The trail running star withdrew 10 hours into ‘Phantasm 24’ with chest pain and dizziness
Off-road ultra running great Kilian Jornet says a 24-hour challenge remains “on the list” despite his Phantasm 24 track attempt on Friday ending in hospital.
The trail running star had hoped to see how far he could run in 24 hours during the Salomon-organised event in Måndalen, Norway, but he was forced to withdraw after 10 hours and 20 minutes due to chest pain and dizziness.
He had earlier struggled with knee pain but it was on doctor’s advice due to the chest pain and dizziness that his attempt came to an early end.
“I was feeling pretty good, with the normal ups-and-downs of a long race like this,” said Jornet. “My body felt good, my legs felt good and then, suddenly, I felt two intense pains in my chest and started to get very dizzy and very exhausted.

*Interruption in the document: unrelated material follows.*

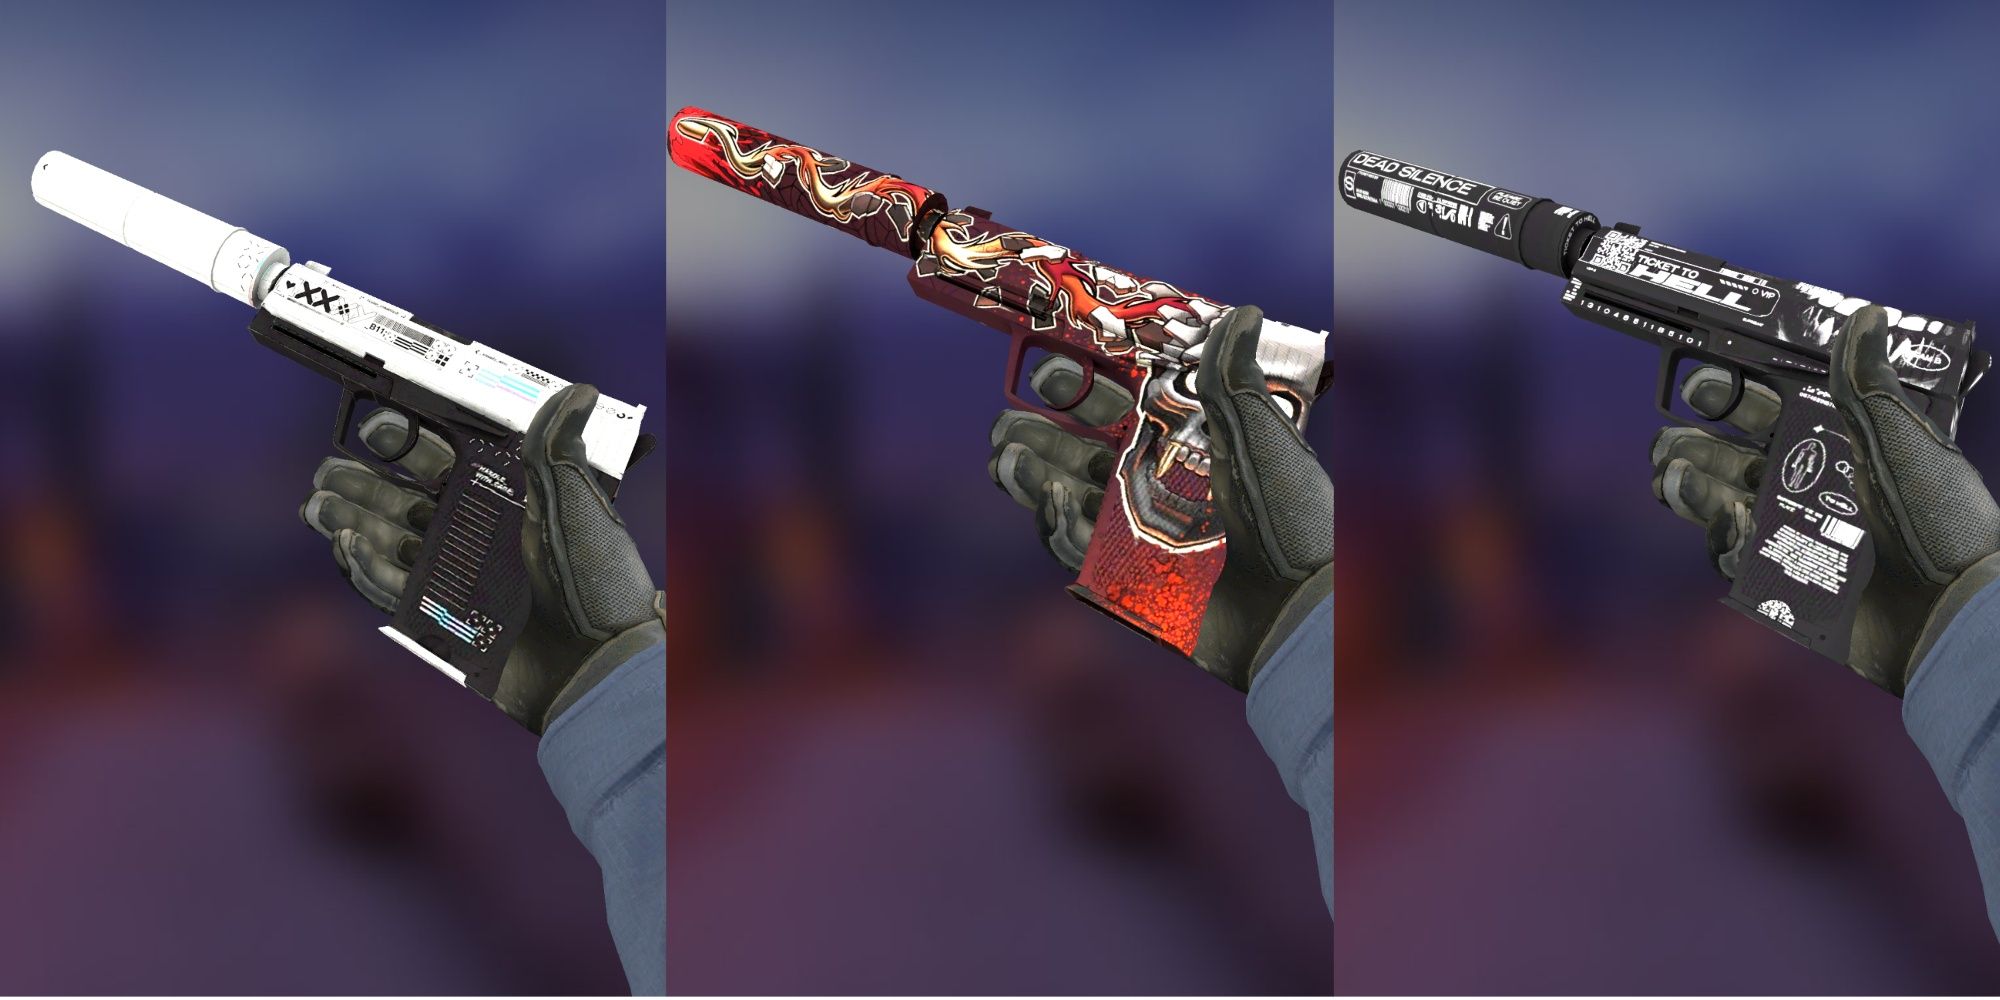 Collage Image showing The Printstream, Kill Confirmed, and Ticket to Hell skins in Counter Strike: Global Offensive.

“The medical people came to me and checked me out, and said it was best to go to the hospital.
“In the hospital they ran a number of tests to try to determine what it was,” added Jornet, who was speaking on Saturday after being released from the hospital.
“They don’t seem to think it is anything too serious.”
In total, Jornet covered 134.8km in 10 hours and 20 minutes in temperatures hovering around the freezing mark.
He ran the first 10km averaging 4:16 per km (6:52/mile) and finished the first 42.4km (106 laps or roughly marathon distance) in 3:02:23.
Just after the 10-hour mark is when he started to struggle and he received help halfway through his 338th lap.
Thanks to all for your support. During the run I felt a sudden sharp chest pain and needed to spent the night on observation. Races sometimes don’t go well…so it is a good excuse to try it again 😉 pic.twitter.com/EjLrYdis4n
— kilian jornet (@kilianj) November 28, 2020
Jornet and his fellow Salomon athlete Sebastian Conrad Håkansson, who were wearing the new Salomon S/LAB Phantasm road running shoes, moved ahead early on, with Håkansson going on to complete 100 miles in 12 hours and 46 minutes to break the Norwegian 100-mile record before stepping off the track.
“I got this idea about a year ago to run for 24 hours on a track so I went to Salomon to help organise the run,” Jornet said. “I wish it went differently, but it’s still fun to explore different things and new projects. So I want to thank Salomon and Suunto for supporting the project and everyone who helped organise the event, from the track volunteers to the community in Måndalen and the people at the track club. I think it was colder for the volunteers than for the runners.”
Harald Bjerke won the event after covering 232.2km (144.1 miles) – 580 laps of the track.
“I’m hurting everywhere,” he said, as the clocked ticked down on 24 hours. “The only motion possible is to keep jogging.”
Jo Inge Norum finished second with 219.2km (136.2 miles/548 laps) and Simen Holvik was third, having run 208.13km (129.3 miles/520 laps) when the final gun sounded at 11am local time on Saturday morning.
Didrik Hermanson did not complete the full 24 hours, but ran 174.8km (108.6 miles/437 laps).
The longest distance ever run on the track in 24 hours is 188.590 miles (303.506km) which was recorded by ultra running legend Yiannis Kouros in 1997, a feat which had been described by Jornet as “absolutely wild”.
Jornet’s background is mainly in off-road ultra-running events like the Ultra-Trail du Mont-Blanc, which he has won three times and which usually takes him about 21 hours to cover 106 miles of gruelling mountainous terrain through the French, Swiss and Italian Alps.